In healthy individuals, the creation of a wound induces an initial vigorous angiogenic response, ultimately creating a vascular density that far exceeds that of normal uninjured tissue. During the resolution phase of healing, the majority of these new vessels disappear, and the vessel bed is pruned back to normal density. The healing wound therefore provides an excellent model for the study of the regulation of angiogenesis. Recent studies by both us and others rather unexpectedly suggest that a partial inhibition of the exuberant wound angiogenic response can improve healing outcomes in normal skin wounds. In concert with this, our studies also show that wounds that heal quite perfectly, such as those produced in oral mucosa and in early gestation, exhibit a reduced angiogenic response when compared to adult skin wounds.
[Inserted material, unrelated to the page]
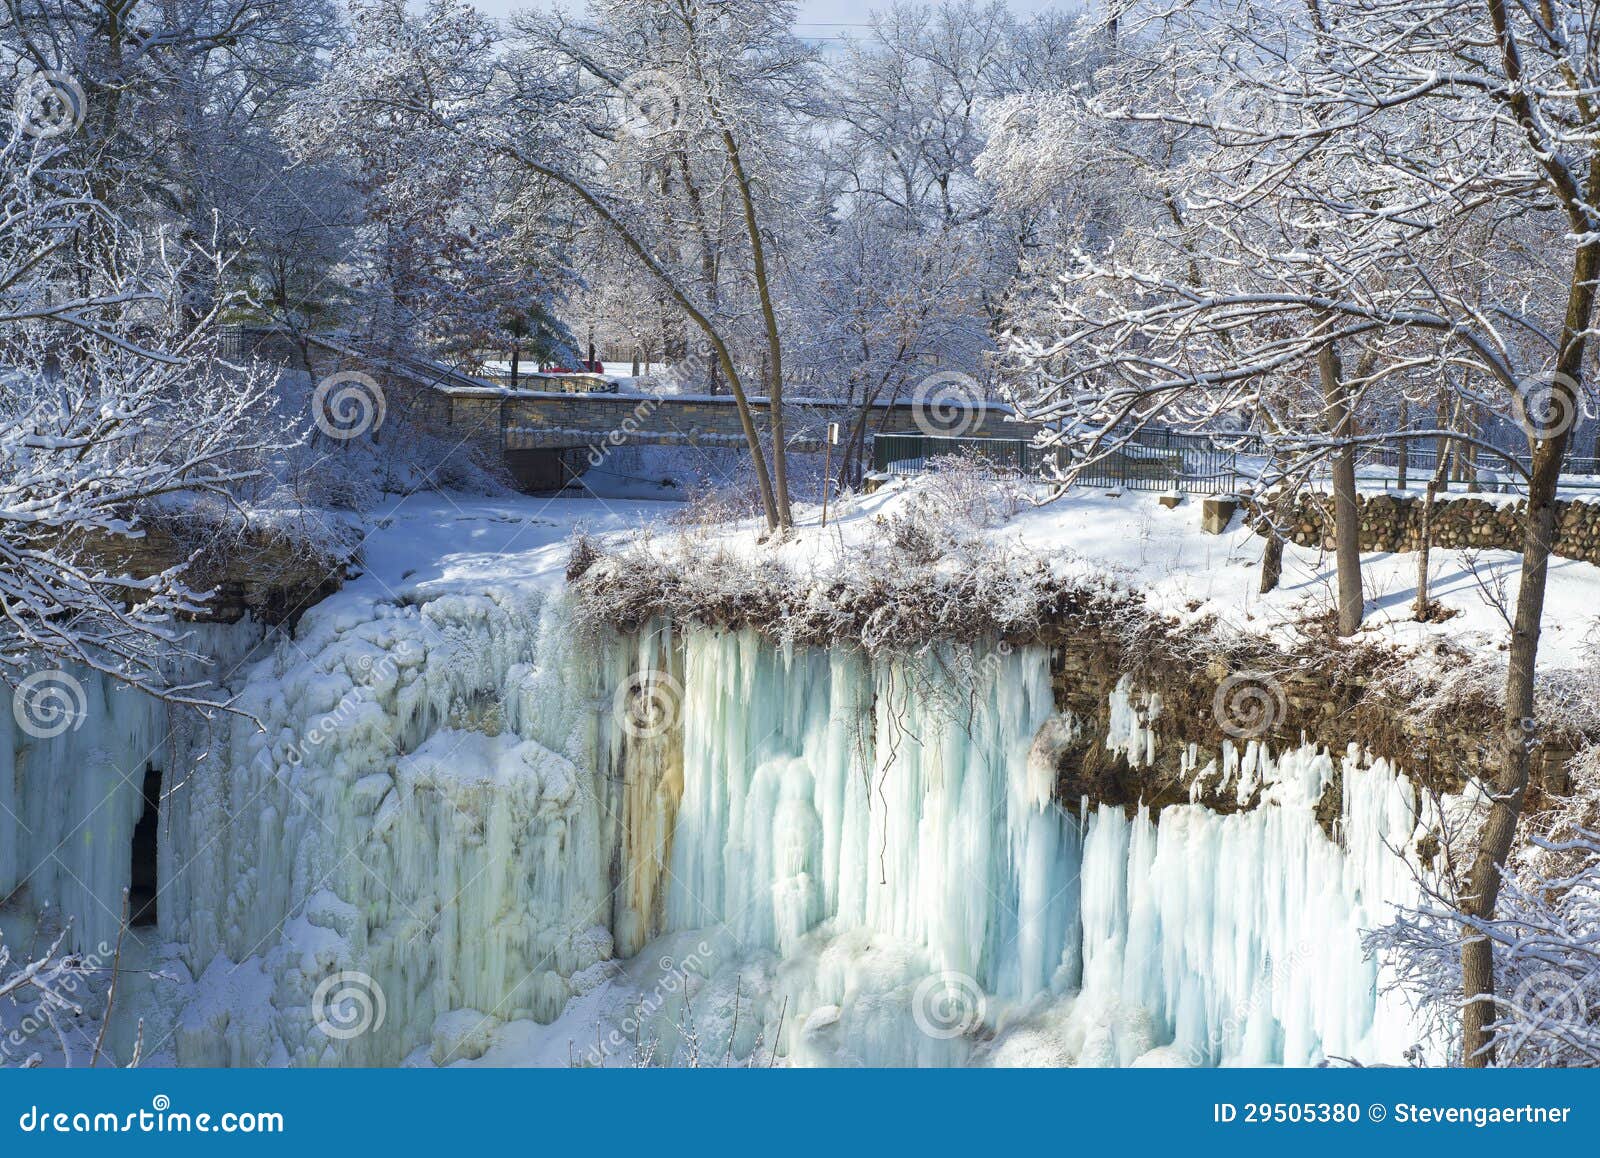 minnehaha falls, footbridge, winter

The concept that most skin wounds display an unnecessary over-amplification of capillary growth represents a paradigm shift, as substantial capillary growth has always been thought to be essential for optimal repair. However, many of the vessels that are produced in the forceful proangiogenic phase of healing are immature, and incomplete anastamoses seem common. A reduced response might create a refined yet highly functional vascular bed that fully supports repair processes. These findings suggest that a complete understanding the regulation of wound angiogenesis has important implications. The long-term goal of this research is to understand the regulation of wound angiogenesis, and to decipher the impact of this process on wound healing outcomes. While the proangiogenic factors in wounds are well-described, less is known about the anti-angiogenic factors that regulate vascular regression. Recently we identified pigment epithelium-derived factor (PEDF) and vasostatin-1 (a fragment of chromogranin A) as anti-angiogenic factors that are produced in wounds and likely to play a role in the regulation of wound angiogenesis.
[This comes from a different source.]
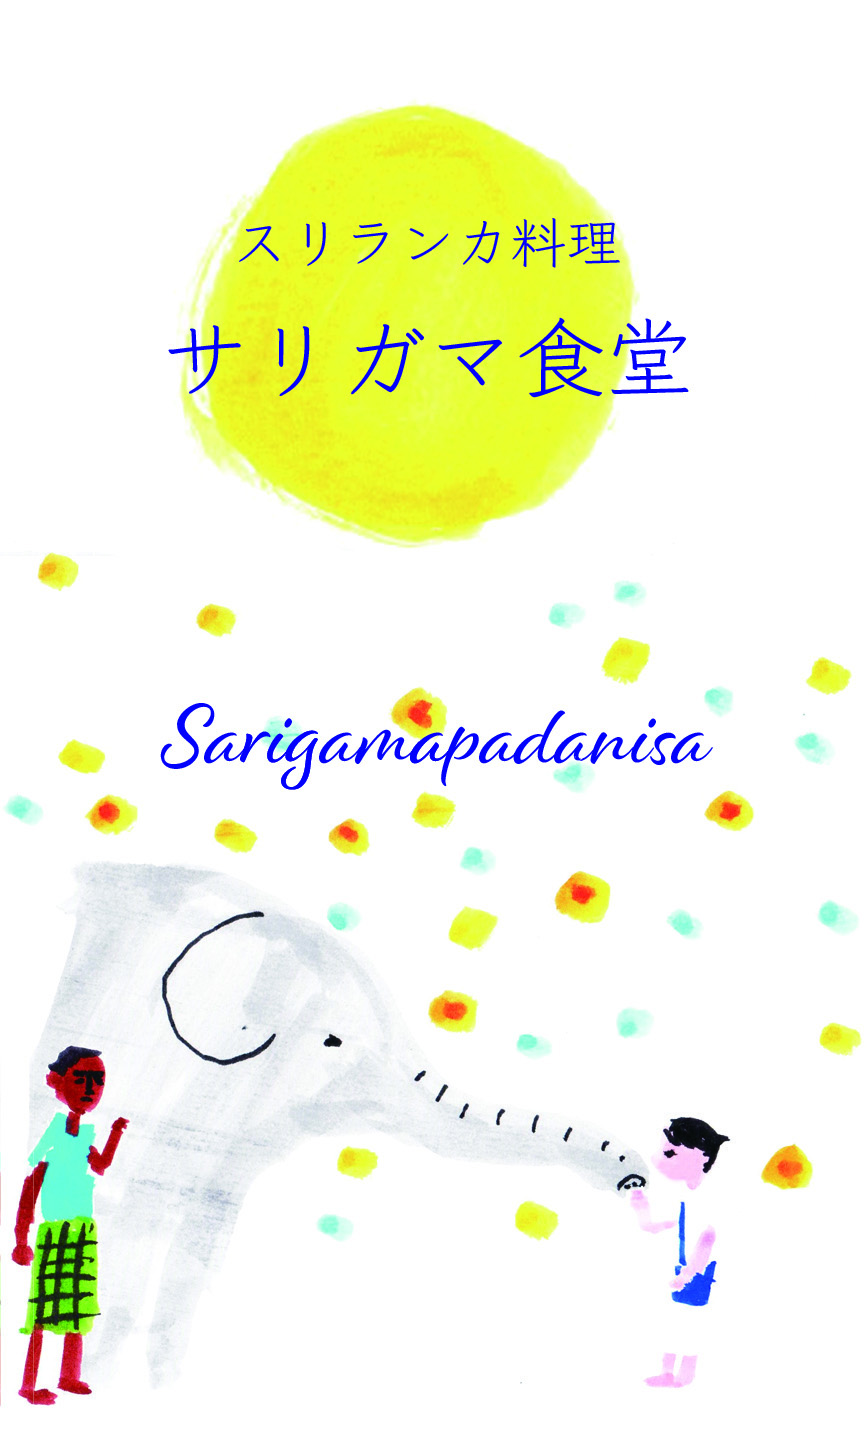 サリガマ食堂shopcard

Aim 1 will characterize the expression patterns of these candidates in healing murine wounds. To assess clinical relevance, the production of PEDF and vasostatin-1 will be examined in parallel experimental wounds in mice and humans.
Aim 2 will use nanotechnology-siRNA and Ab neutralization approaches to establish a functional role for each factor in directing capillary regression in the resolving woun.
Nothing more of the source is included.